[Records from a data source]

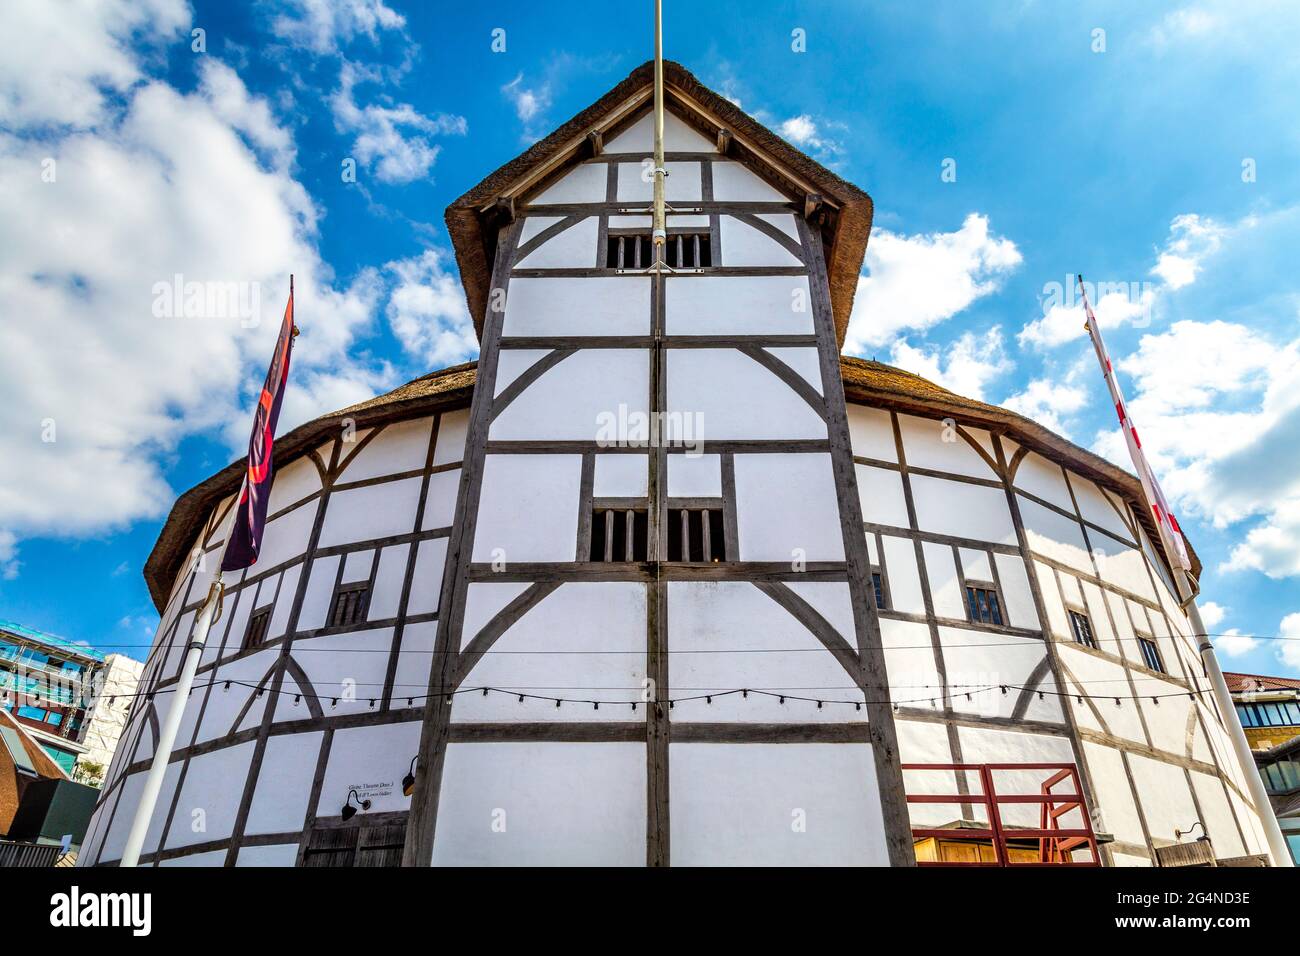 La reconstruction du Globe Theatre de Shakespeare du théâtre de Globe de l'époque élisabéthaine pour lequel William Shakespeare a écrit ses pièces, Londres, Royaume-Uni Banque D'Images
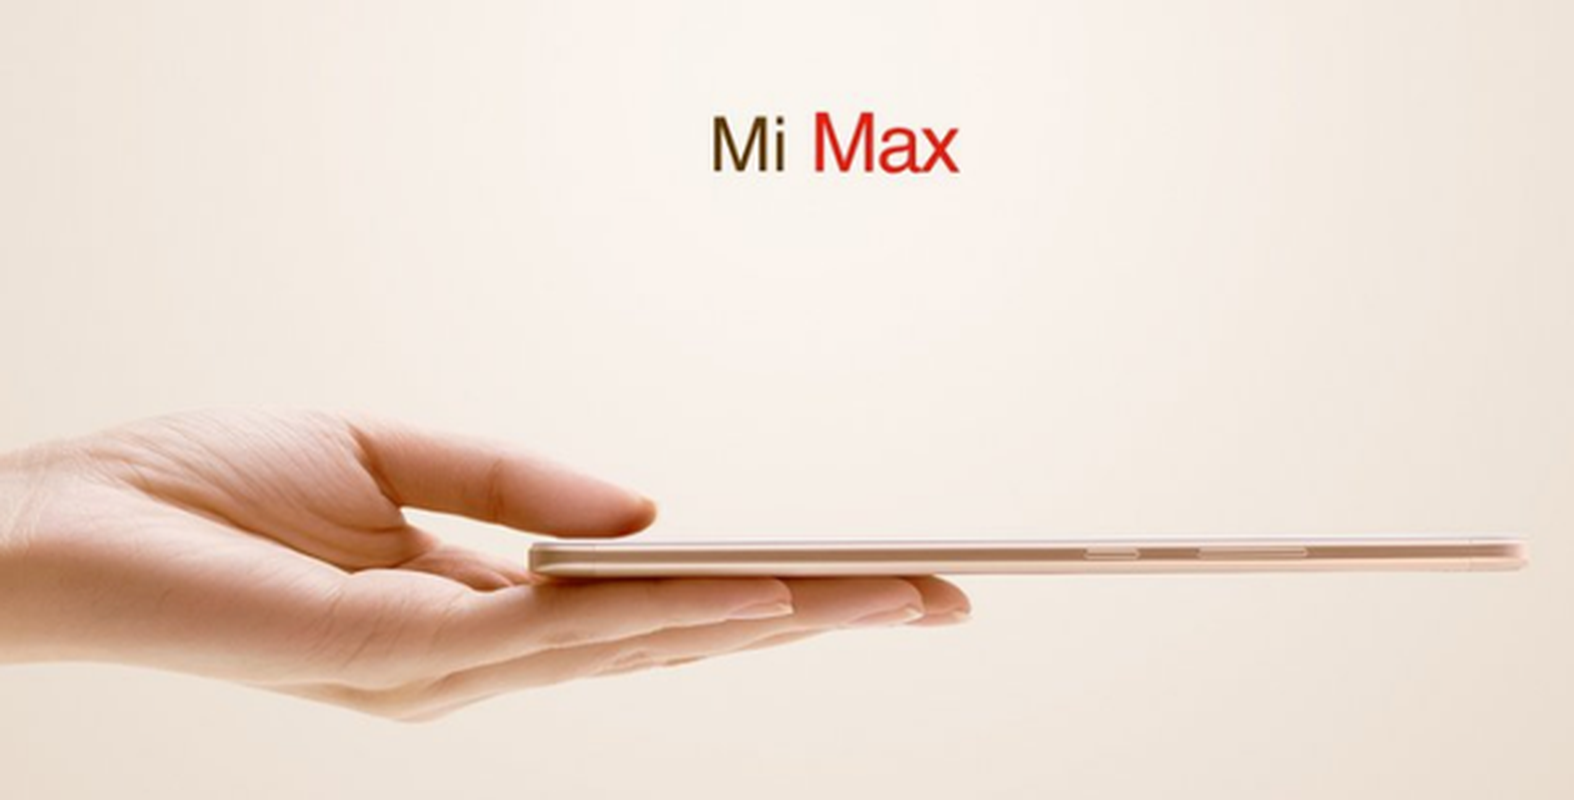 Ngam dien thoai Xiaomi Mi Max 6,44 inch gia hap dan-Hinh-6
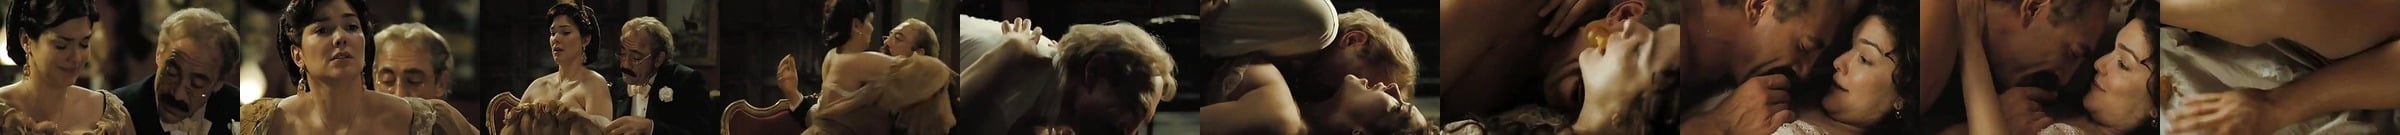 Martina Gedeck In Bra Tits Grabbed Panties Stuffed In Xhamster
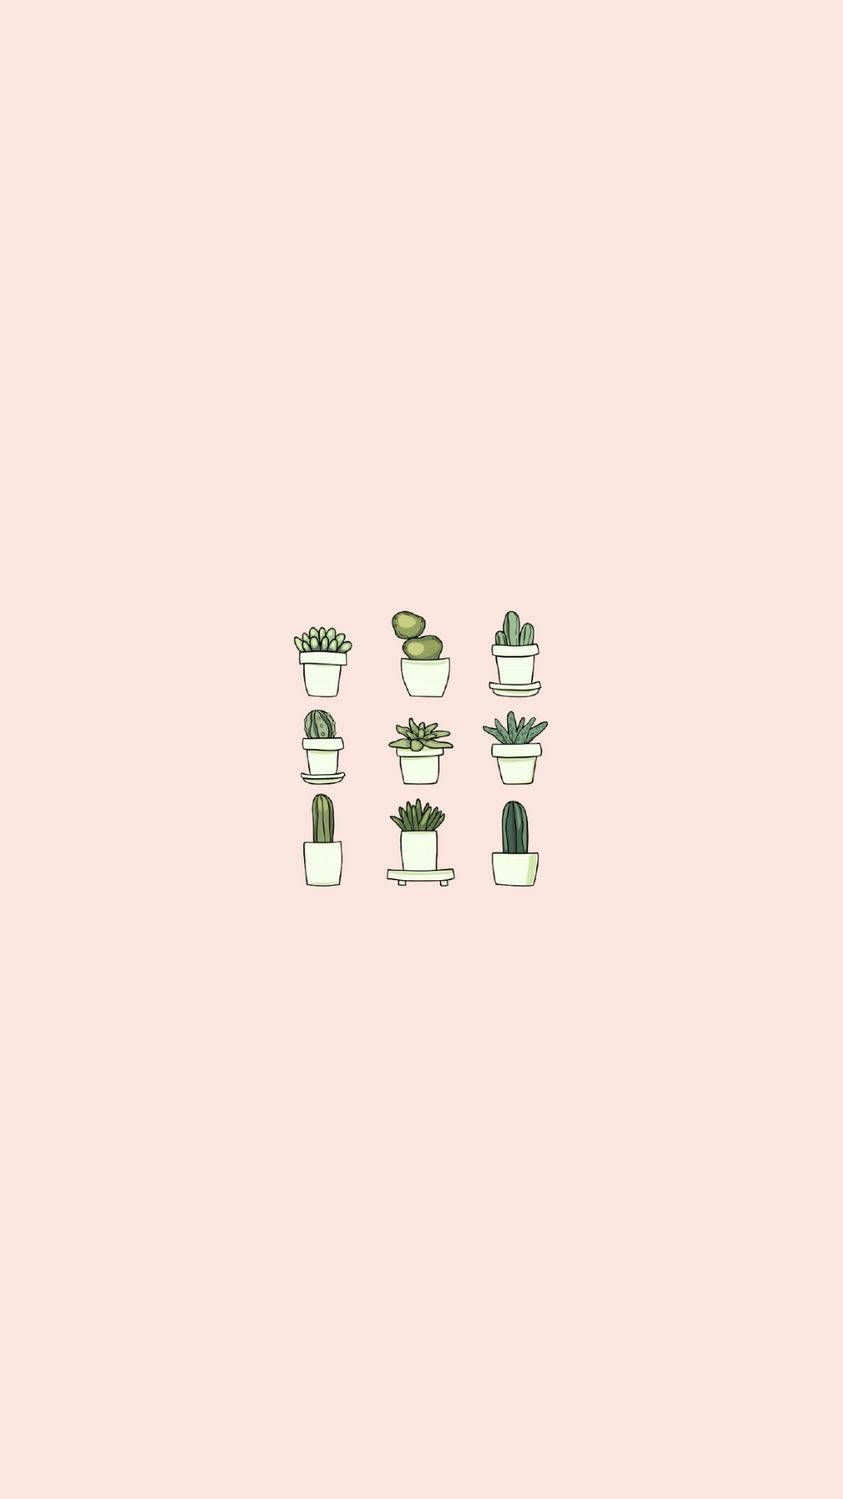 Download Cute Minimalist Succulents Wallpaper | Wallpapers.com
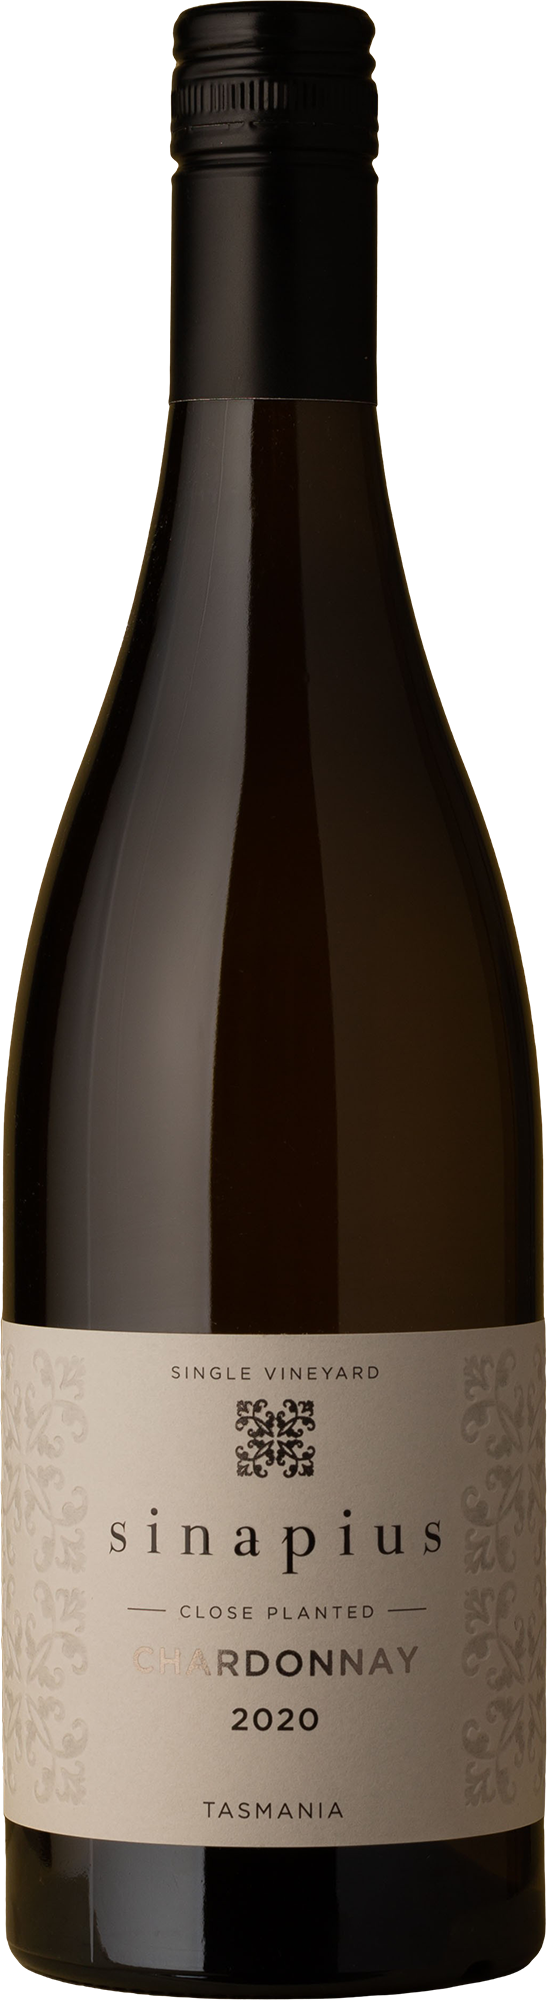 Sinapius - Close Planted Chardonnay 2020 White Wine

Action item. Print all data above verbatim, except pictures.

Answer section.
 La reconstruction du Globe Theatre de Shakespeare du théâtre de Globe de l'époque élisabéthaine pour lequel William Shakespeare a écrit ses pièces, Londres, Royaume-Uni Banque D'Images
 Ngam dien thoai Xiaomi Mi Max 6,44 inch gia hap dan-Hinh-6
 Martina Gedeck In Bra Tits Grabbed Panties Stuffed In Xhamster
 Download Cute Minimalist Succulents Wallpaper | Wallpapers.com
 Sinapius - Close Planted Chardonnay 2020 White Wine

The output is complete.